Look both ways
I saw a photograph of a two-headed tortoise today. The photograph was taken to mark the tortoise’s twentieth birthday, and 20 isn’t old for a tortoise though the experts say it never would have lived so long in the wild. A sheltered life can be a good thing.
The tortoise was born in Switzerland and still lives in the Geneva natural history museum. The newspaper article fails to record its gender. Not that it matters to me, though it might to them.
Them? It? Two heads – or one tortoise? Plurality is awkward so the museum staff named the tortoise Janus after the two-faced Roman god. In the photo, the tortoise looks determined, but perhaps that's just a tortoise’s nature. Thick-skinned and resolute.
The interesting thing about this particular tortoise – other than the two heads – is that it shares a birthday with my uncle. And his twin, my father.
Pulled
I took my family to Ottawa this summer for their shared eightieth birthday. It was great to be in the thick of things – back in the crowd of family. Dad perhaps is not as thick-skinned as he used to be. In his old age, he is moved by music and the voices of his grandchildren. He remembers his oldest stories and tells us about the songs he sang as a child in his church choir. He is lovely.

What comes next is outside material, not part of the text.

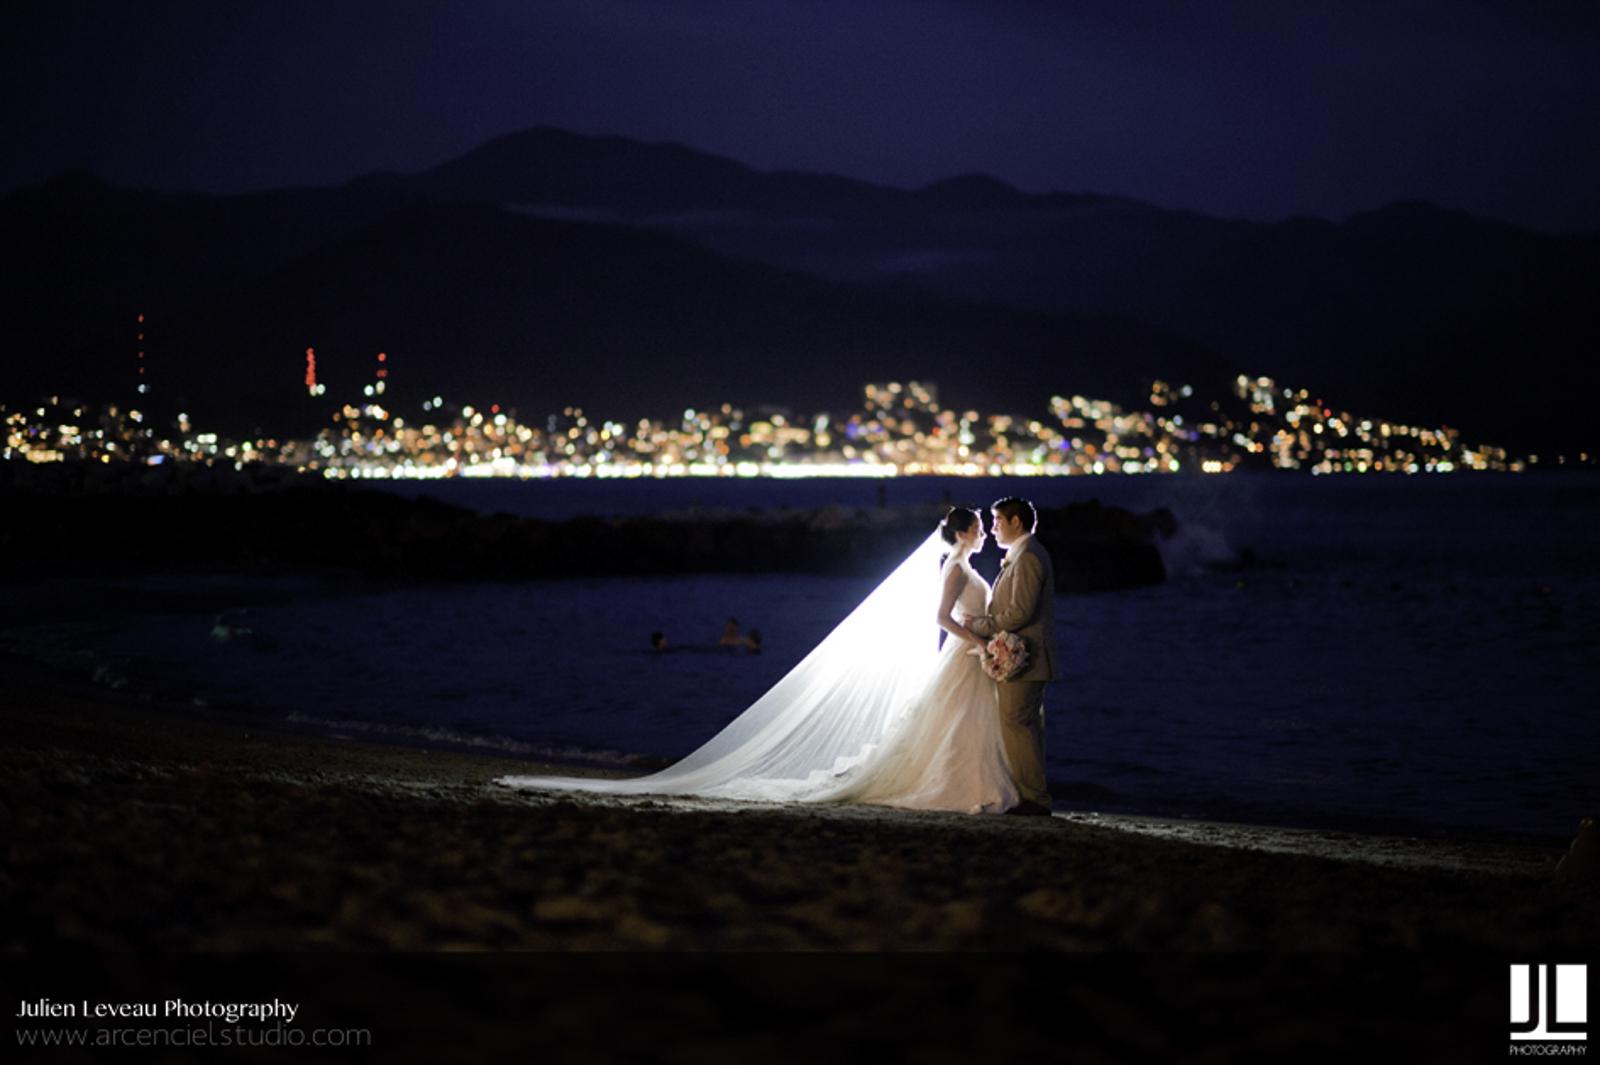 Wedding Photographer Puerto Vallarta - Professional photography by night

We decorated the garden with balloons and bunting and needed three long tables to seat everyone under the trees. Lunch lasted all afternoon. We could have stayed there forever. My own little family used to live in Ottawa, close enough to my parents to share Sunday dinners, but now we are an ocean away and that was a hard ocean to cross after the birthday party was over.

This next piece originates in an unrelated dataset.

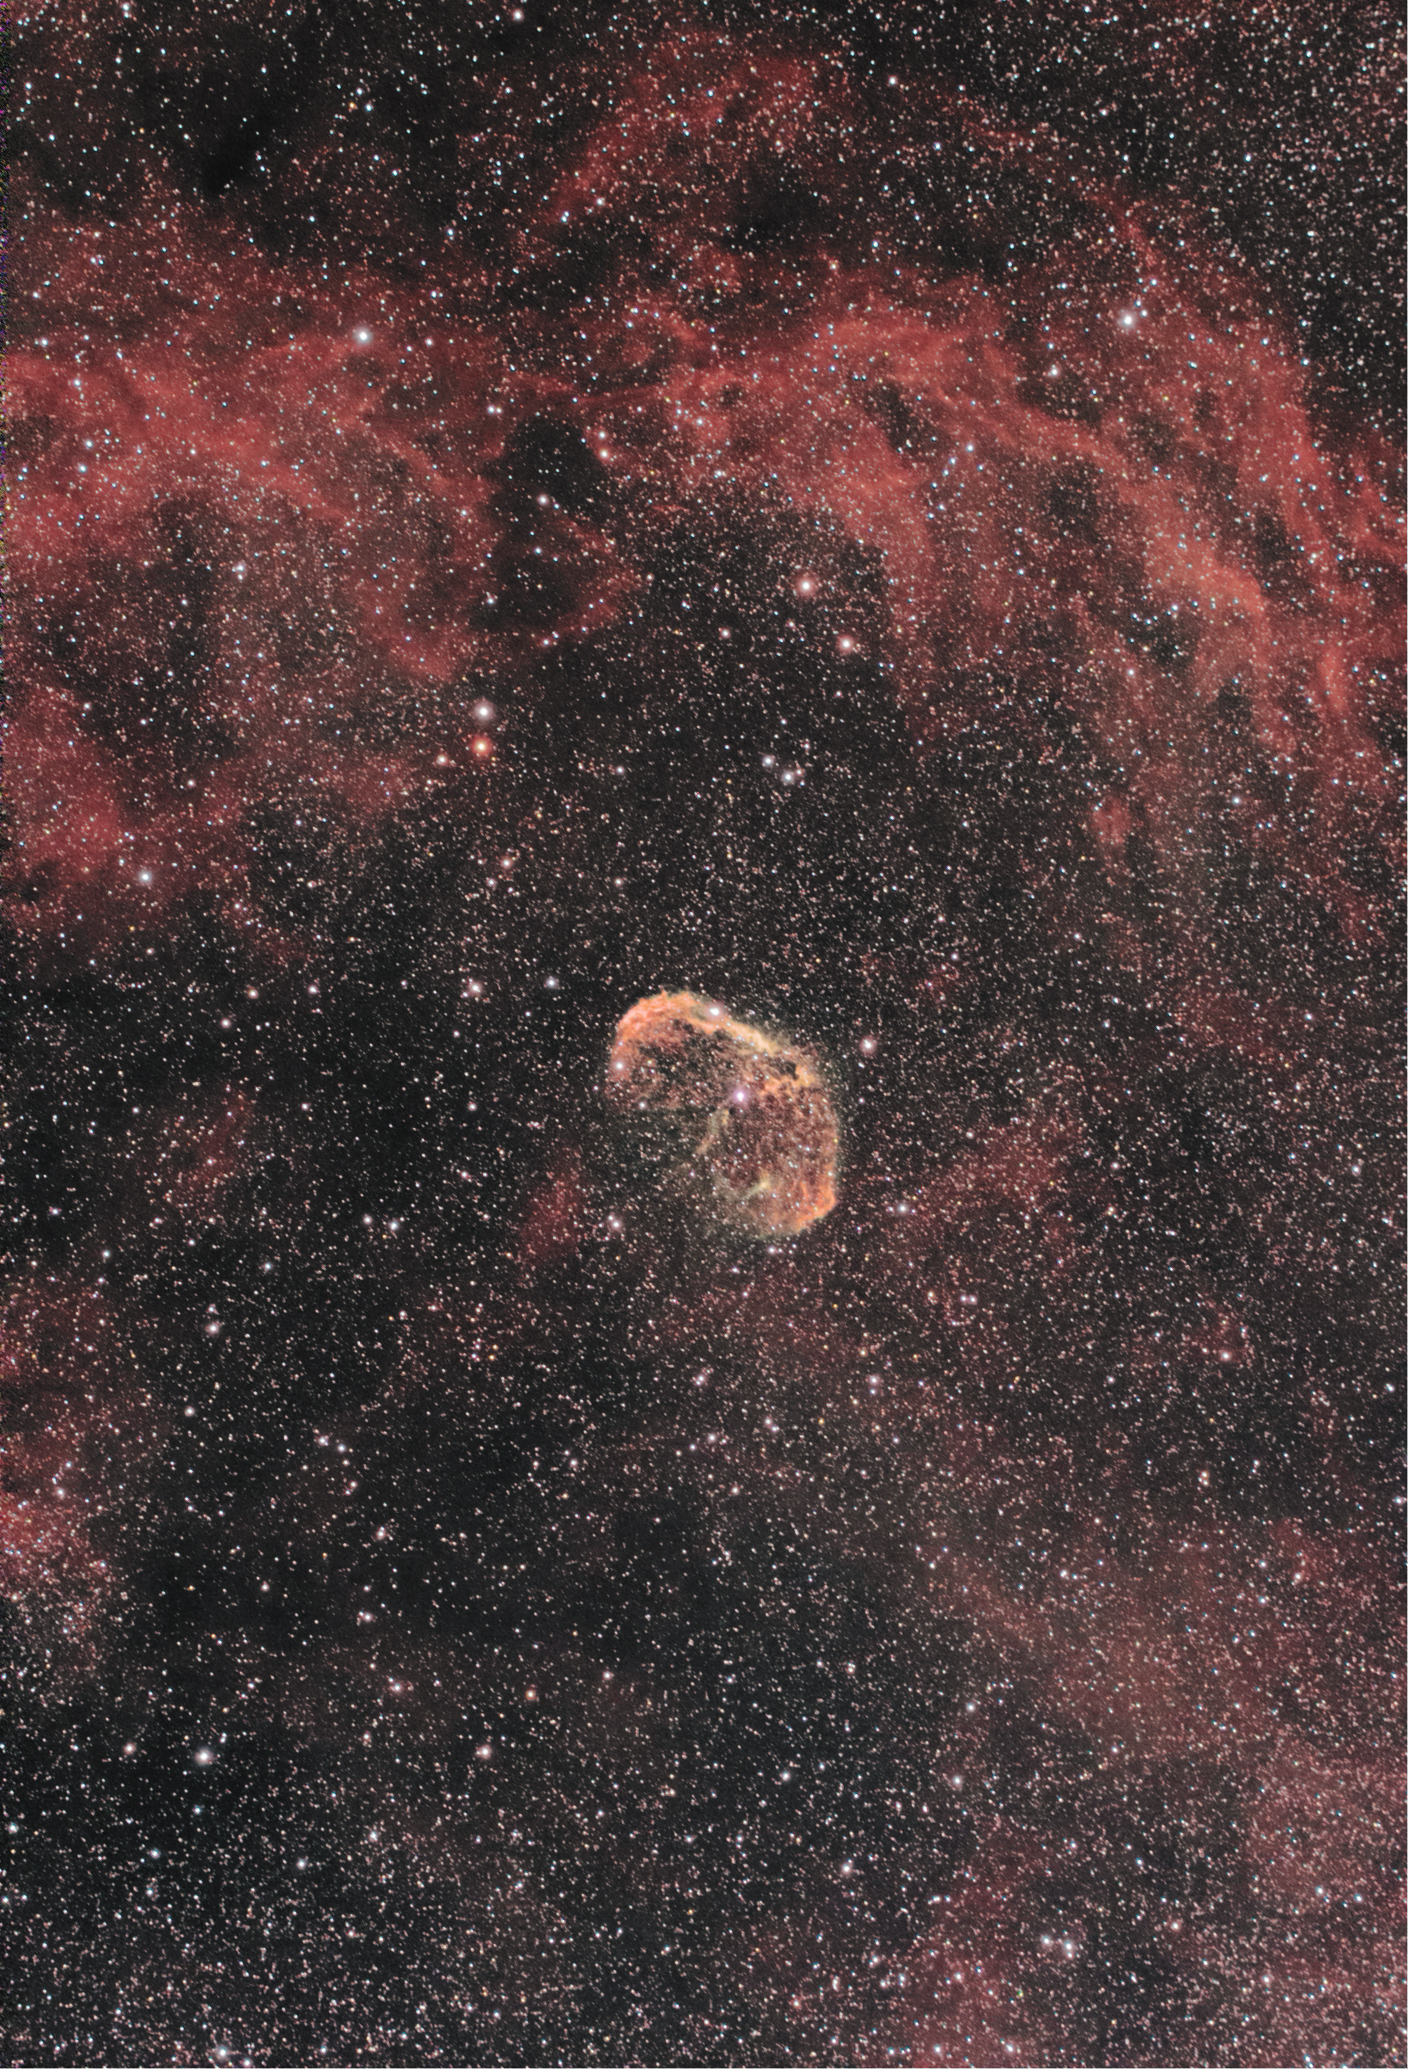 20190907-NGC6888-Crescent-Nebula

Still, holidays end and September needs to be a time of new beginnings, especially with school-aged kids around the house. For the first time, my three kids are at three different schools, so this September has brought a lot of rushing about. My youngest has started all-day school. My eldest started high school. We rush and plan and prepare and collect and pray in these new and busy days.
I feel for Janus.
Held
This September, I, too, would move slowly and look both ways. If I could, I would find a place to sit still in the sun and crane one pair of eyes back to summer – to those long tables and all that laughter and to the kids balancing their single-file way along fallen trees in the forest, swimming in the lake and finding the nerve at last to jump off the raft. I would also – slowly, cautiously – direct my other eyes to look ahead into the soon-changing colours, the falling leaves, the coming cold and the wait for Christmas. I would look and look and, in looking, grow resolute and strong. Armoured.
Families, with their sprawl of generations, are two-headed beasts, too, I suppose. The older members look into the past while the youngers sprint for tomorrow. Like the original Janus, we are all pulled in two directions and whichever way we look, we are strained by time’s demands. But time, too, is a creature made by God. This is good to remember. Time was made, just as we are. Time is a good and gifted creature. In the turning seasons of the year and of our families, we can find the patterns of promise and presence. We can find peace. Just like the rest of us, time is in God’s hands and, in both our timely forward- and backward- looking, we are met and held.